When you look up M's band on Wikipedia, it tells you that they were formed in 1981. This is patently untrue; they formed 3 years earlier than that, when M and R and another friend of M's played at the next year's talent show. They brought the house down. R didn't really like M; he once asked me why I was friends with "that freak". He then went on to admit that he thought M was a "talented freak, but a freak just the same". Needless to say, when the band finally got their recording contract shortly afterward, R wasn't part of the band. However, I do remember holding in my hands the demo vinyl single where R was the drummer for M's band.
M and I graduated in the same year; I went to university to try to become a lawyer instead of a singer and he went off to make his way in the music business. He succeeded for a while; enough that his voice is totally recognizable on the Canadian Christmas charity single "Tears Are Not Enough". He was disappointed with my decision, believing that I should follow his path. But when I did finally go the musical route, I went into opera instead of rock and roll.
I blew out my vocal chords by the time I was 34; M still tours on the "nostalgia circuit". Go figure.
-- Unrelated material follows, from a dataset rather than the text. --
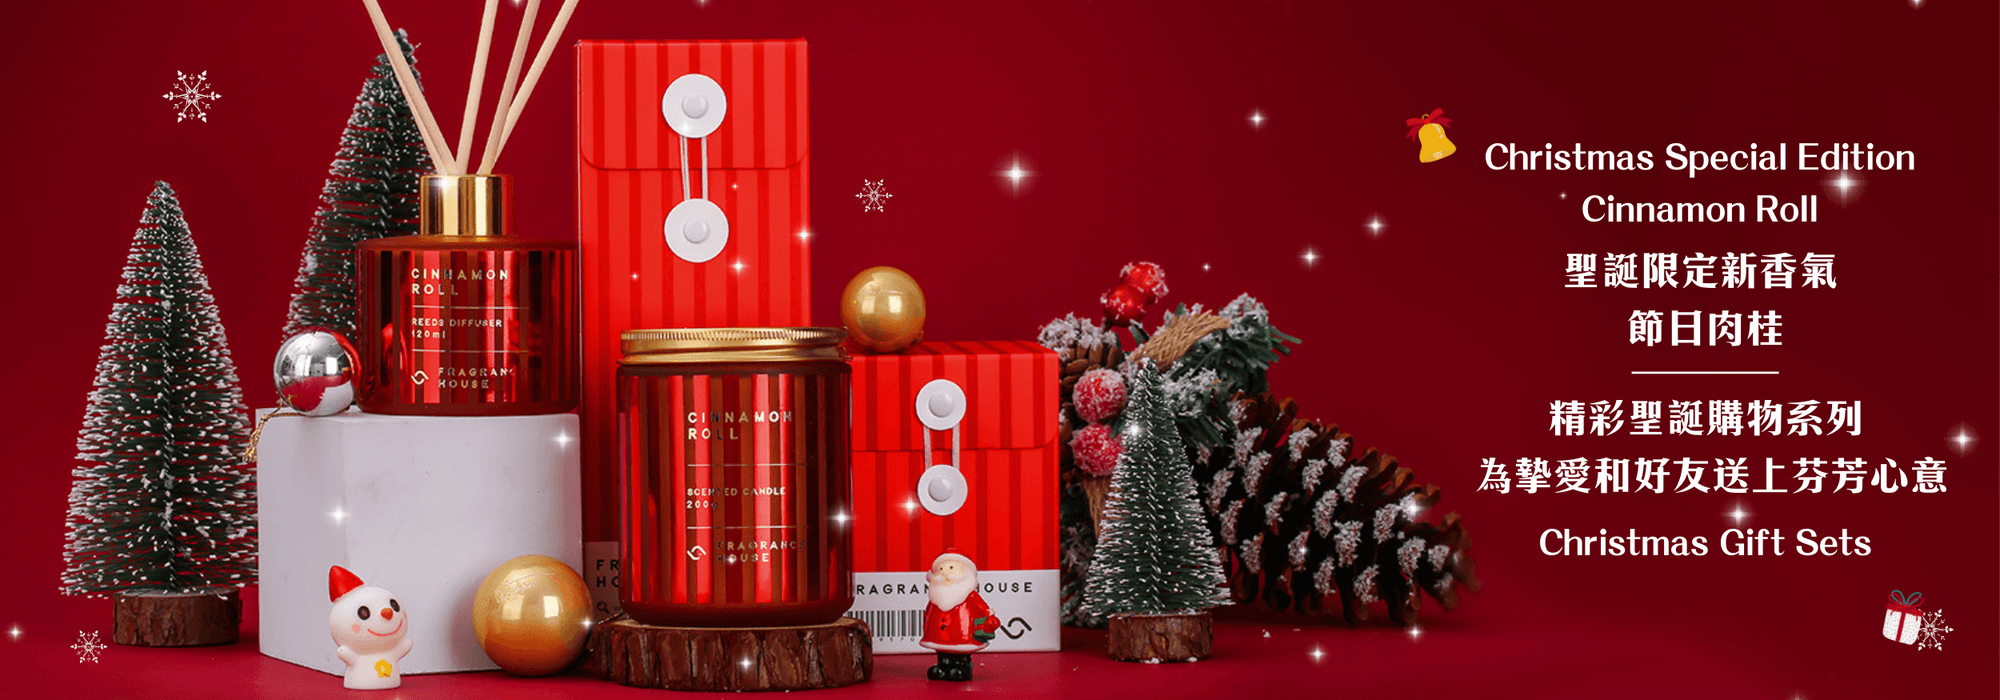 Fragrance House 聖誕限定「節日肉桂」出爐🎄 | 精彩聖誕購物系列 - Fragrance House HK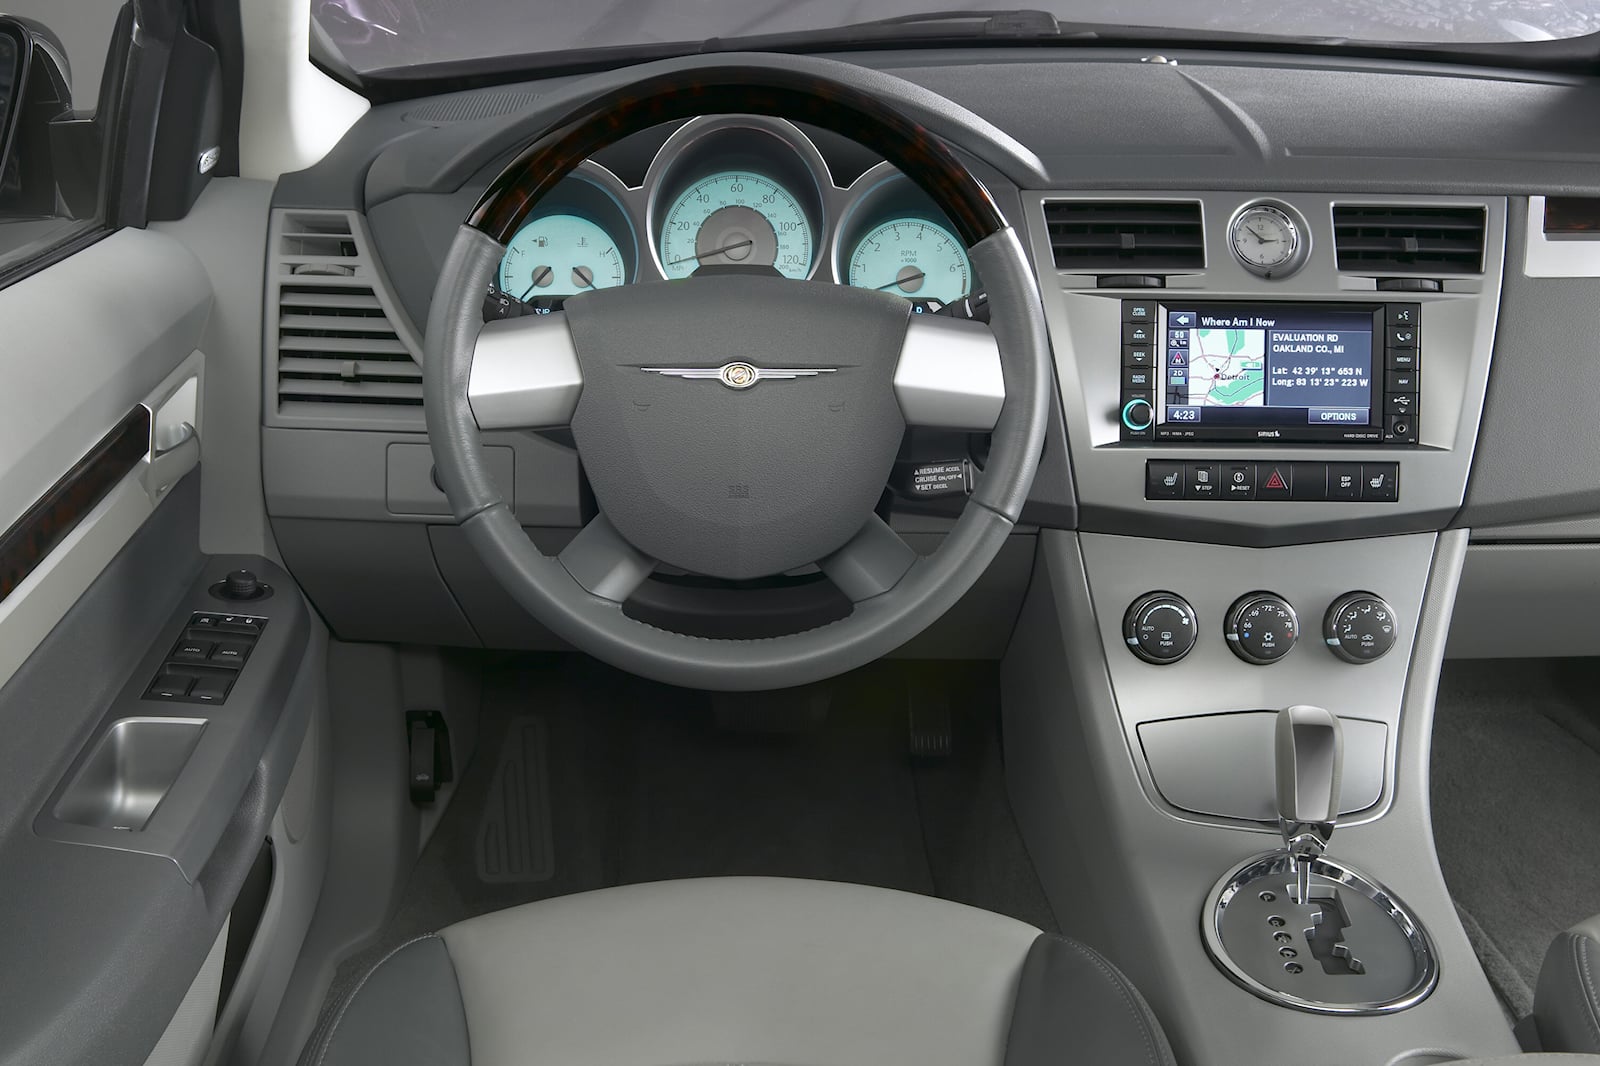 2010 Chrysler Sebring Sedan Interior Photos | CarBuzz

Strangely, I also have a vivid memory of the last time I met him face to face. I was on my way home from my singing teacher's place. It was a steamy summer day in Toronto and I was walking to my bachelorette pad. In my travels, I crossed the path of a recording studio and coming down the sidewalk toward me was M.
He stopped and did a double-take and then ran toward me with his arms outstretched. We held each other for long moments and then he asked me to tell him what I was doing. I showed him my binder with the scores I was learning and we asked after each others' parents and siblings. After that, I don't remember anything else. I do know that we did NOT promise to keep in touch; too much had torn us apart in the intervening years.
He was in town this weekend, performing. I didn't go to see if I could meet him. I didn't want him to see me not looking like the girl I used to be, even though I know he's not the boy I used to know.
Today I listened to a lot of music from the 60s and 70s... and I remembered all that music, and all those days spent together.
And how happy I was spending time with my dear friend.